Things to Do in Canouan
Canouan, Saint Vincent and the Grenadines - Complete Travel Guide
Top Things to Do in Canouan
Snorkelling Carenage Bay and the Fringing Reef
Carenage Bay's southern reef is healthier than almost anything else in the Caribbean right now—thick coral towers, parrotfish crunching away, a nurse shark tucked under a ledge. No boat required. Walk straight in from the beach by the resort's outer edge and you're floating above it all in minutes. On a glass-calm morning, you can see past 20 metres.
Day Trip to the Tobago Cays
Five uninhabited islands. One horseshoe reef. Zero residents. From Canouan, the Tobago Cays Marine Park sits a short sail away—close enough that a day trip never feels rushed. Picture the scene: five uninhabited islands ring-fenced by a horseshoe reef, all protected, all empty of residents. They deliver. Hawksbill turtles graze the seagrass beds while you float alongside; yes, it is touristy, but the hype holds. The snorkelling inside the reef ranks among the finest in the Eastern Caribbean.
Hiking to Fort Charlotte Ruins
Most visitors march straight past the crumbling British fort above Charlestown, bound for sand. Your gain—you'll have it alone. The climb from the village takes maybe 25 minutes. The payoff? Views down both coastlines: Atlantic chop on one side, sheltered Caribbean blue on the other. They'll freeze you mid-thought. The ruins are modest. The vantage point is worth every step.

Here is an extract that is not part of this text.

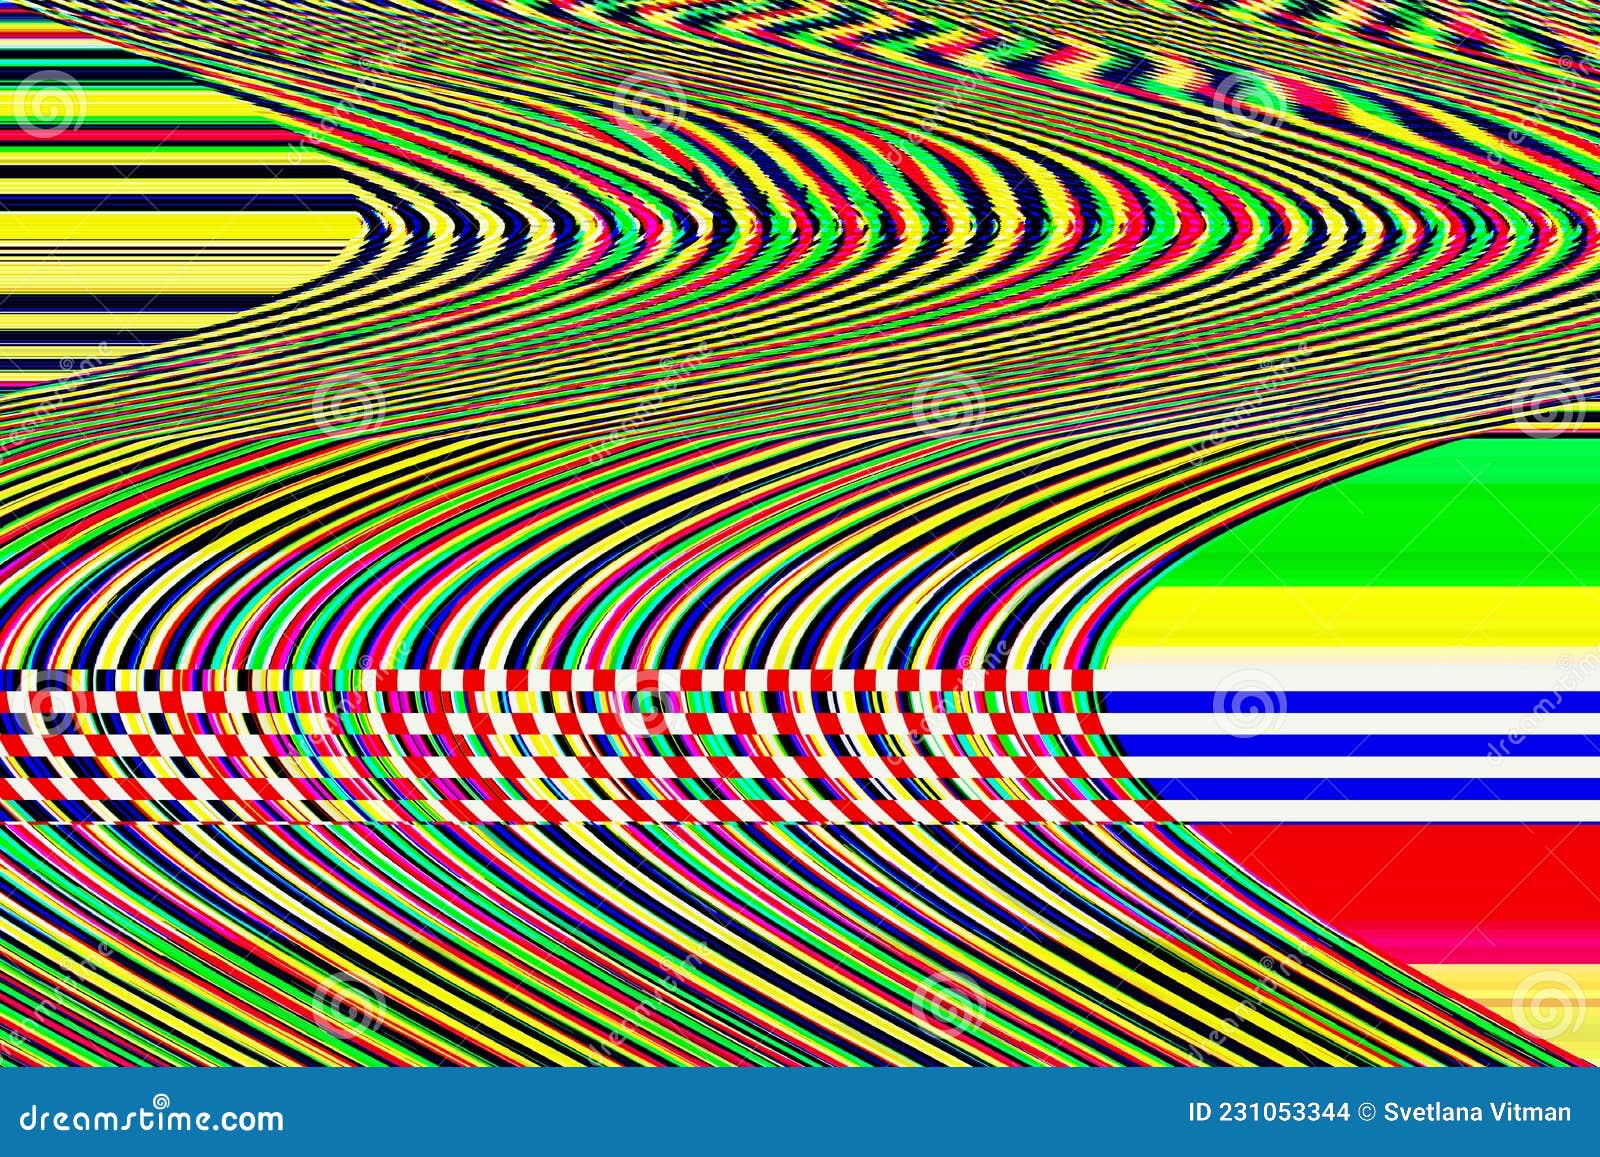 Glitch Psychedelic Background: Tạo nên không gian sống động, táo bạo với hình ảnh nền Glitch Psychedelic. Đa dạng, độc đáo và lôi cuốn, bạn nhất định không nên bỏ qua. Hãy xem ngay hình ảnh liên quan!

Sunset Sailing Along the Leeward Coast
West-facing. That's the secret. Canouan's leeward side delivers sunsets straight over the offshore cays—not just good, but dead-on. In Charlestown, a loose bunch of local skippers—not a company, just guys with boats—run evening sails. No logo, no clipboard. You'll get rum punch, a hushed anchorage, zero itinerary. Sounds brochure-bright, right? Yet the tiny scale and real island know-how pull it off.
Kayaking Grand Bay
Morning is best at Grand Bay. The water turns glass8 glassy. Light slants in low from the east. The bay's protected waters turn kayaking into meditation, not exercise. The curve is gentle. The bottom stays visible for most of the crossing. Paddle out to the small rocky outcrops on the northern end. Frigatebirds congregate there.